The Paris Protocol, enshrined in the Cairo Agreement between Israel and the PNA, defined the scope and character of the economic relationship between Israel and PNA during the period of the Oslo Accords.

The provision on labor issues, Article VII, attempts to address the problem of the National Insurance iscrepancy. In subsection 3, Israel pledges to

“transfer to the PNA, on a monthly basis, the equalization deductions as defined by Israeli legislation, if imposed and to the extent levied by Israel. The sums so transferred will be used for social benefits and health services, decided upon by the PNA, for Palestinians employed in Israel and for their families. The equalization deductions to be so transferred will be those collected after the date of the signing of the Agreement from wages of Palestinians employed in Israel and from their employers.”

Unlike the remedy sought in Kav La'Oved's lawsuit, the funds transferred would cover only post-Cairo Agreement deductions, excluding the preceding thirty years of national insurance money deducted from Palestinian paychecks. An Israeli law passed specifically to validate the Cairo Agreement "retroactively declares that all the National Insurance deductions [now called equalization deductions] collected from the Palestinian workers' wages in the past…'shall be considered to have been legally paid and received.'"

This fiction could, and should, be reversed by the Israeli court which will hear the Kav La'Oved lawsuit. Indeed, the Paris Protocol provides "The above arrangements concerning equalization deductions…may be reviewed or changed by Israel if an authorized court in Israel will determine that the deductions…must be paid to individuals, or used for individual social benefits or insurance in Israel, or that it is otherwise unlawful."

In any case no funds have been transferred under this provision from Israel to the PNA. Palestinian Labor Ministry officials complain of Israeli stonewalling.

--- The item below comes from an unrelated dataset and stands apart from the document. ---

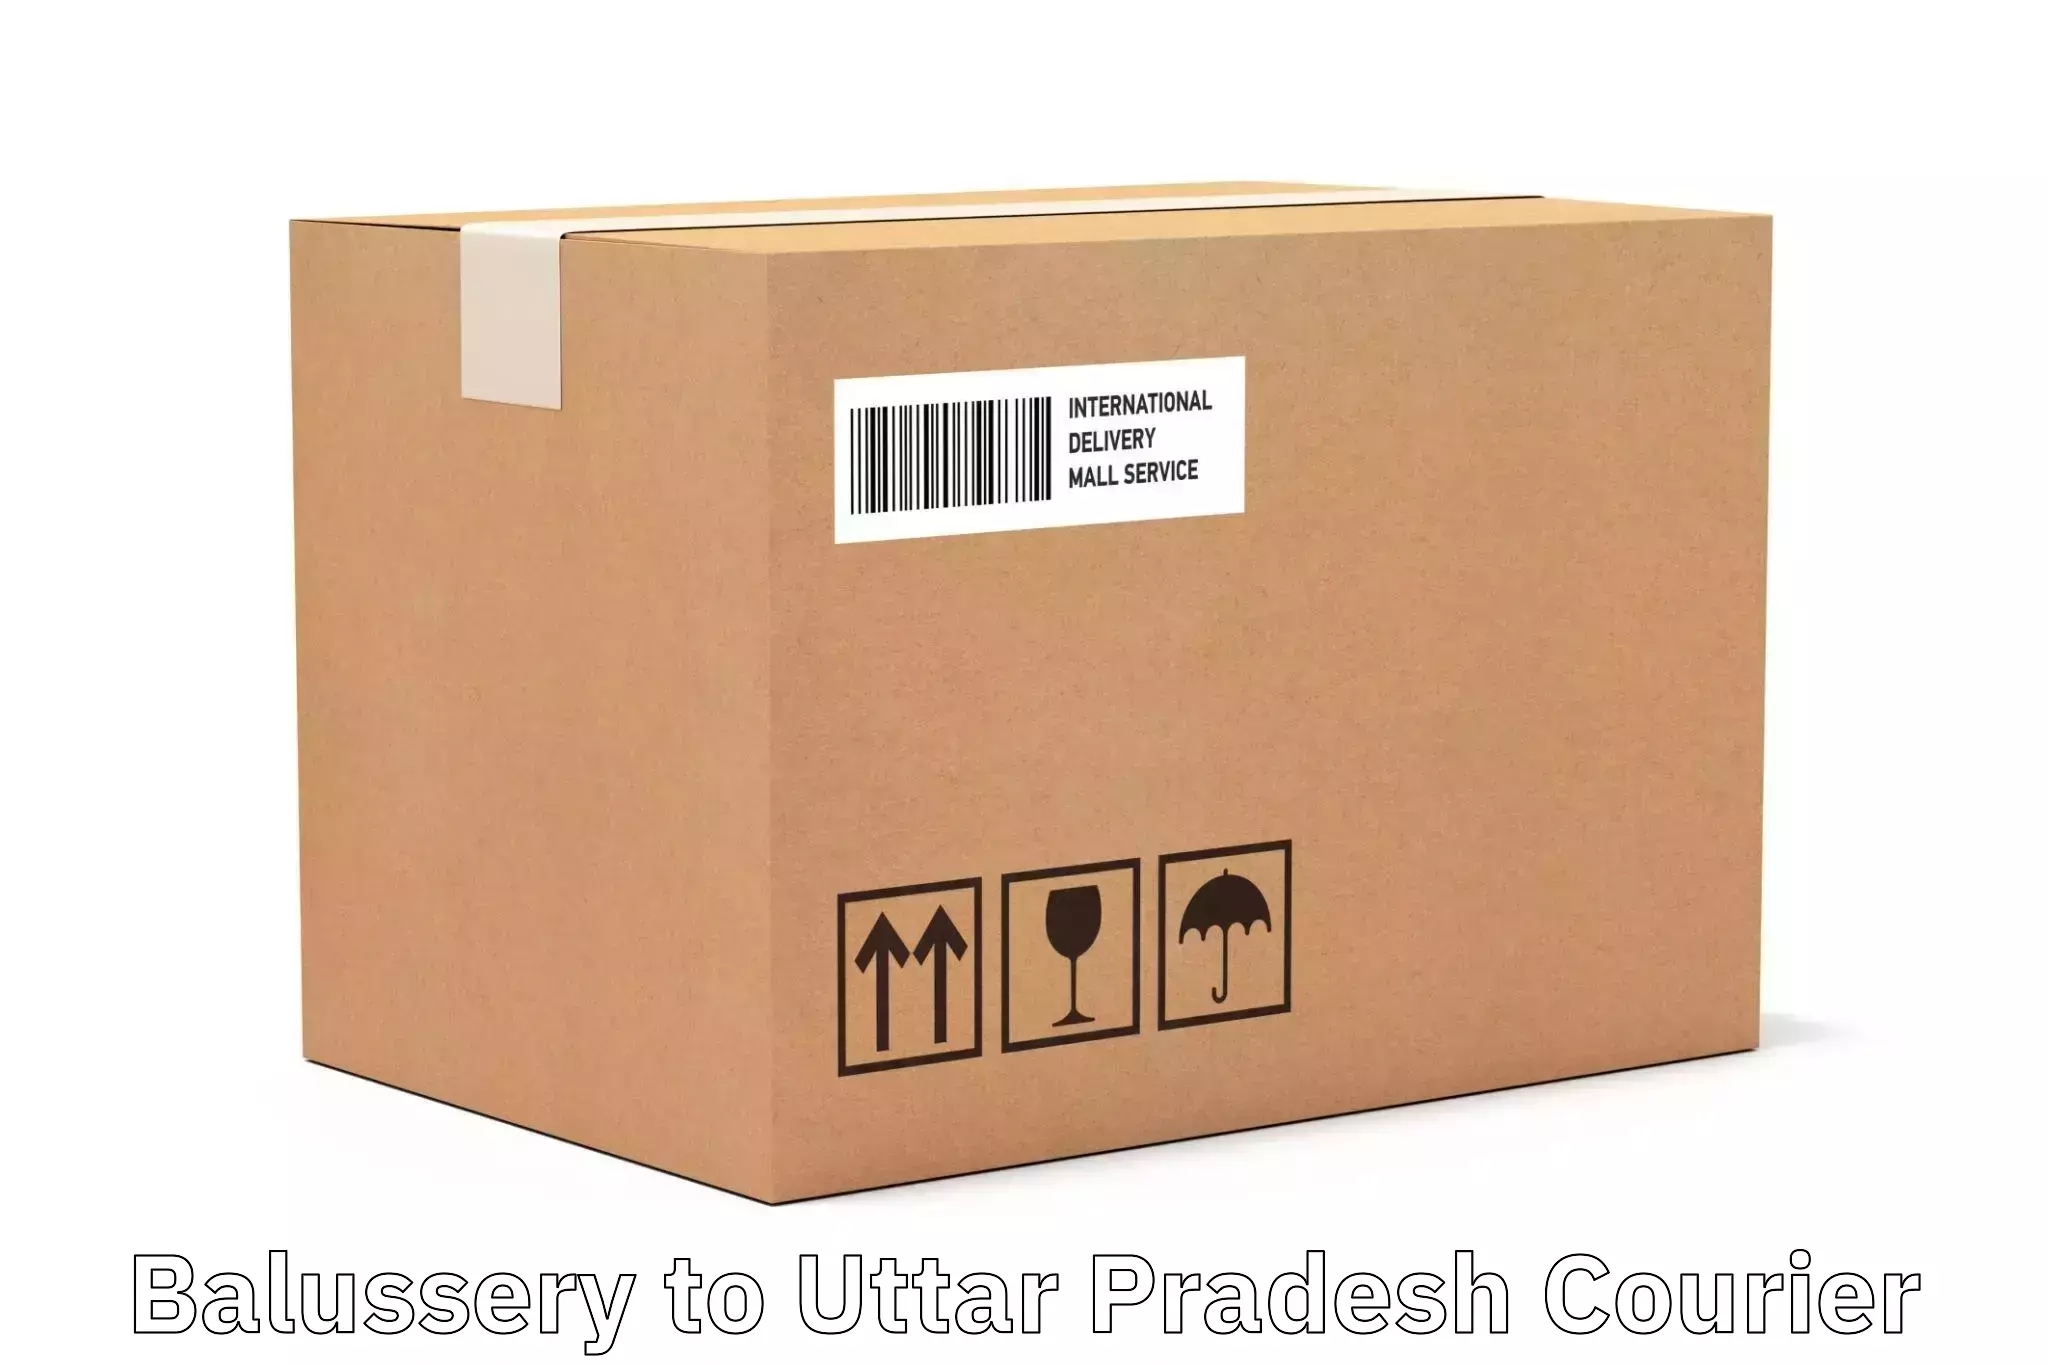 State-of-the-art courier technology Balussery to Fatehpur

However Israeli authorities contend that the equalization deductions are being set aside in a bank account, held up by inaction by the PNA on the establishment of a social welfare fund as required by the Paris Protocol.

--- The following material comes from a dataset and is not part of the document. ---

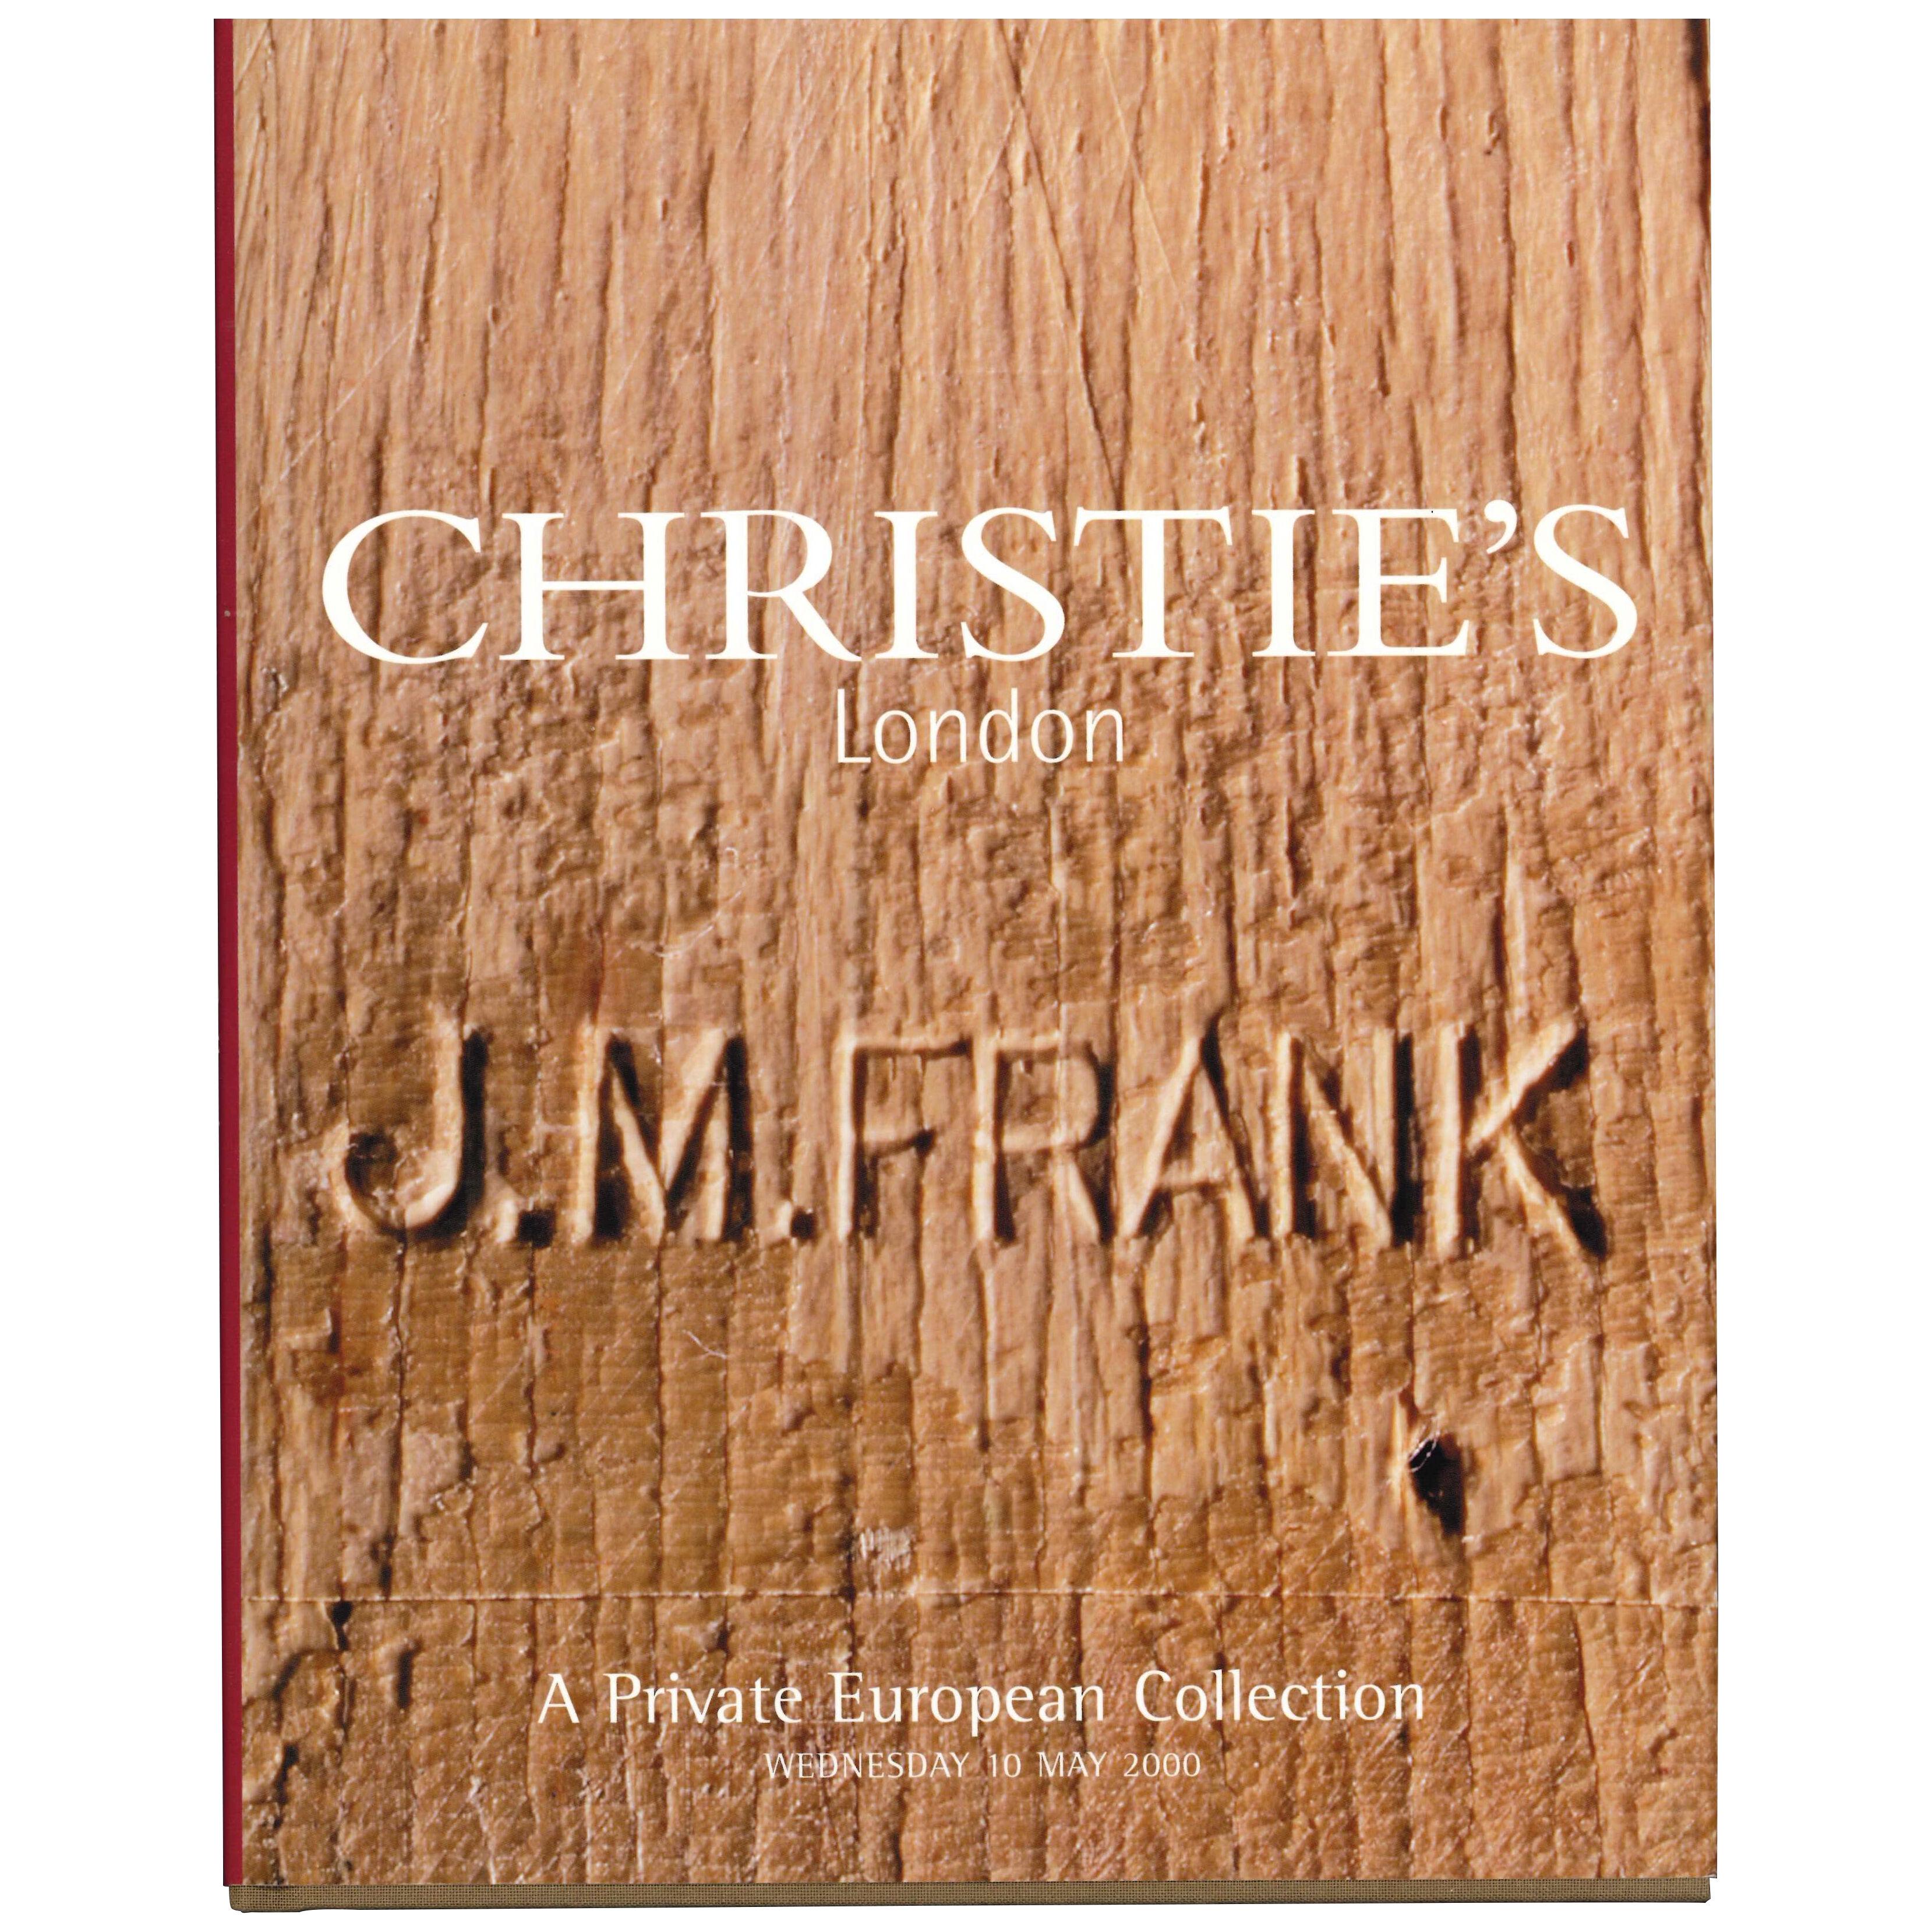 A PRIVATE EUROPEAN COLLECTION - Christie's London May 2000 (book)

PNA Labor officials gave no explanation for when such a system would be set up or what measures had been taken to that end. In the meantime, Palestinian workers continue to be denied the benefits for which they pay.

J. PNA Misuse of Worker Pensions

Allegations of corruption among PNA officials, even ministers, are ubiquitous. The Palestinian government’s accountability on many financial matters is suspect.

Unfortunately Palestinian workers have not escaped the plague of PNA corruption. Instead of protecting the futures of Palestinian workers, PNA president Yasser Arafat and his financial advisor Khaled Islam have manipulated worker pension funds for non-worker related activities. The scheme to redirect Palestinian worker pensions to bank accounts under Arafat’s control was described in articles published in major journals of the European press, Der Spiegel and Le Parisien. We reproduce the article from Der Spiegel, and a copy of a letter from Arafat evidencing the transfer of funds described in the article. During the course of his research, the author interviewed Freih Abu Meddein, Justice Minister, Khaled Islam and Arie Gilon, the administrator of the Pension Fund, none of whom denied the content of the story, nor complained after publication.